Preparing for an appointment

Make an appointment with a doctor or other healthcare professional if you have any symptoms that worry you.

Because appointments can be brief, it's a good idea to be prepared. Here's some information to help you get ready.

What you can do

  • Be aware of anything you need to do ahead of time. At the time you make the appointment, be sure to ask if there's anything you need to do in advance, such as restrict your diet.
  • Write down symptoms you have, including any that may not seem related to the reason for which you scheduled the appointment.
  • Write down important personal information, including major stresses or recent life changes.
  • Make a list of all medicines, vitamins or supplements you're taking and the doses.
  • Take a family member or friend along. Sometimes it can be very hard to remember all the information provided during an appointment. Someone who goes with you may remember something that you missed or forgot.
  • Write down questions to ask your healthcare team.
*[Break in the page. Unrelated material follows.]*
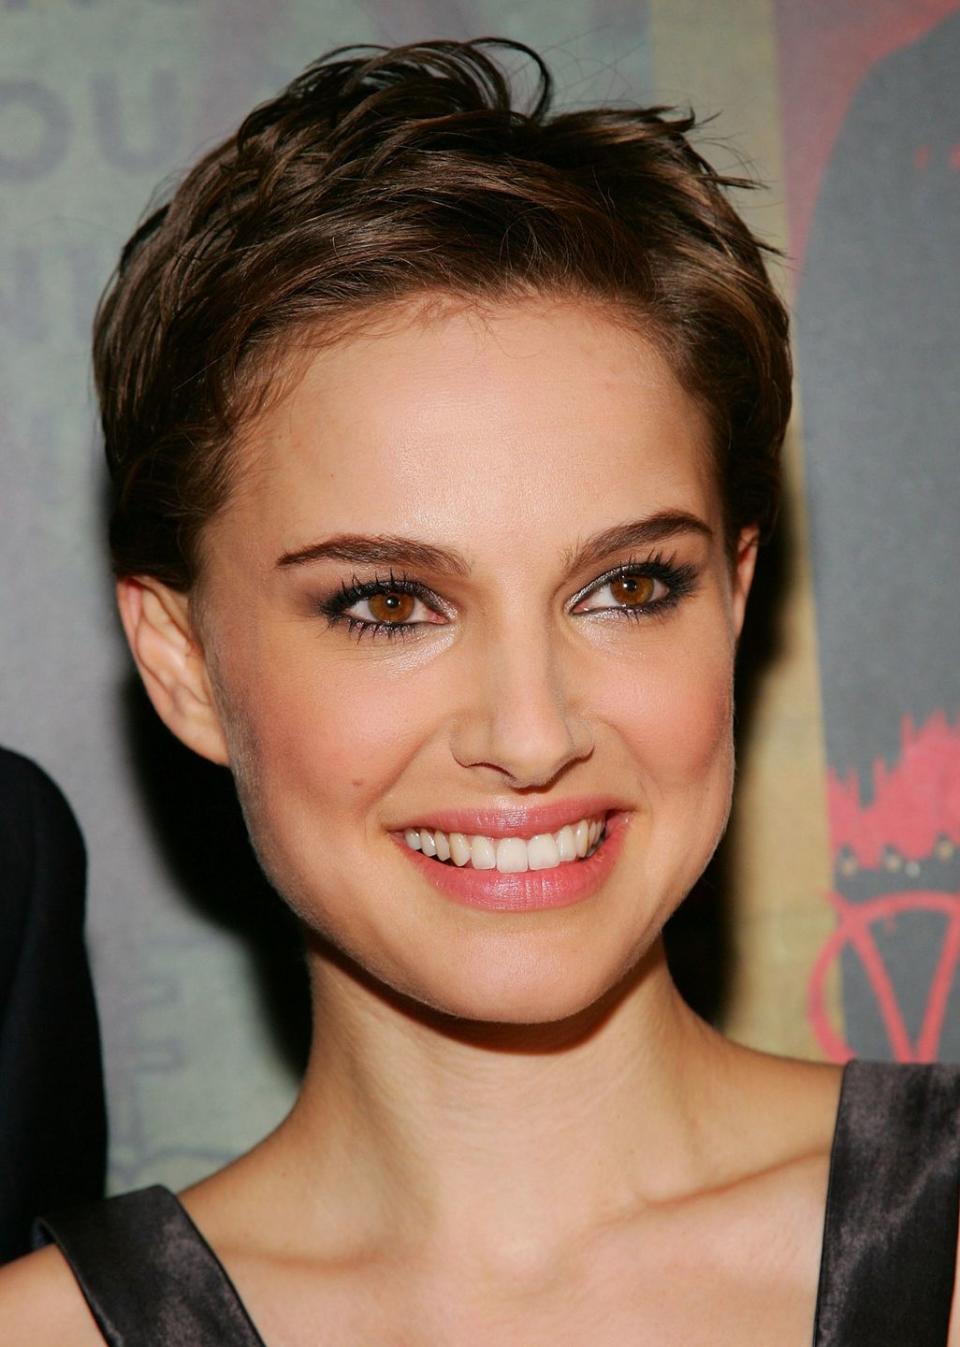 <p>Pixie cuts can make your hair appear thicker and create a voluminous image. Actress <strong>Natalie Portman</strong> styled her's with choppy layers for maximum dimension. </p>

Your time with your healthcare team is limited, so preparing a list of questions can help you make the most of your time together. List your questions from most important to least important in case time runs out. For medulloblastoma, some basic questions to ask include:

  • Do I have a medulloblastoma?
  • Will I need more tests?
  • Can my medulloblastoma be removed?
  • Why do I need additional treatments if surgery removes the entire medulloblastoma?
  • What are the treatment options?
  • What is the stage of my medulloblastoma?
  • Has my medulloblastoma spread to other parts of my body?
  • How much does each treatment increase my chances of a cure or prolong my life?
  • What are the potential side effects of each treatment?
  • How will each treatment affect my daily life?
  • Is there one treatment option you believe is the best?
  • What would you recommend to a friend or family member in my situation?
  • Should I see a specialist?
  • Are there any brochures or other printed material that I can take with me? What websites do you recommend?
  • What will determine whether I should plan for a follow-up visit?
  • Will I need to continue coming back?

Don't hesitate to ask other questions.

What to expect from your doctor

Be prepared to answer questions, such as:

  • When did your symptoms begin?
  • Have your symptoms been continuous or occasional?
  • How severe are your symptoms?
  • What, if anything, seems to improve your symptoms?
  • What, if anything, appears to worsen your symptoms?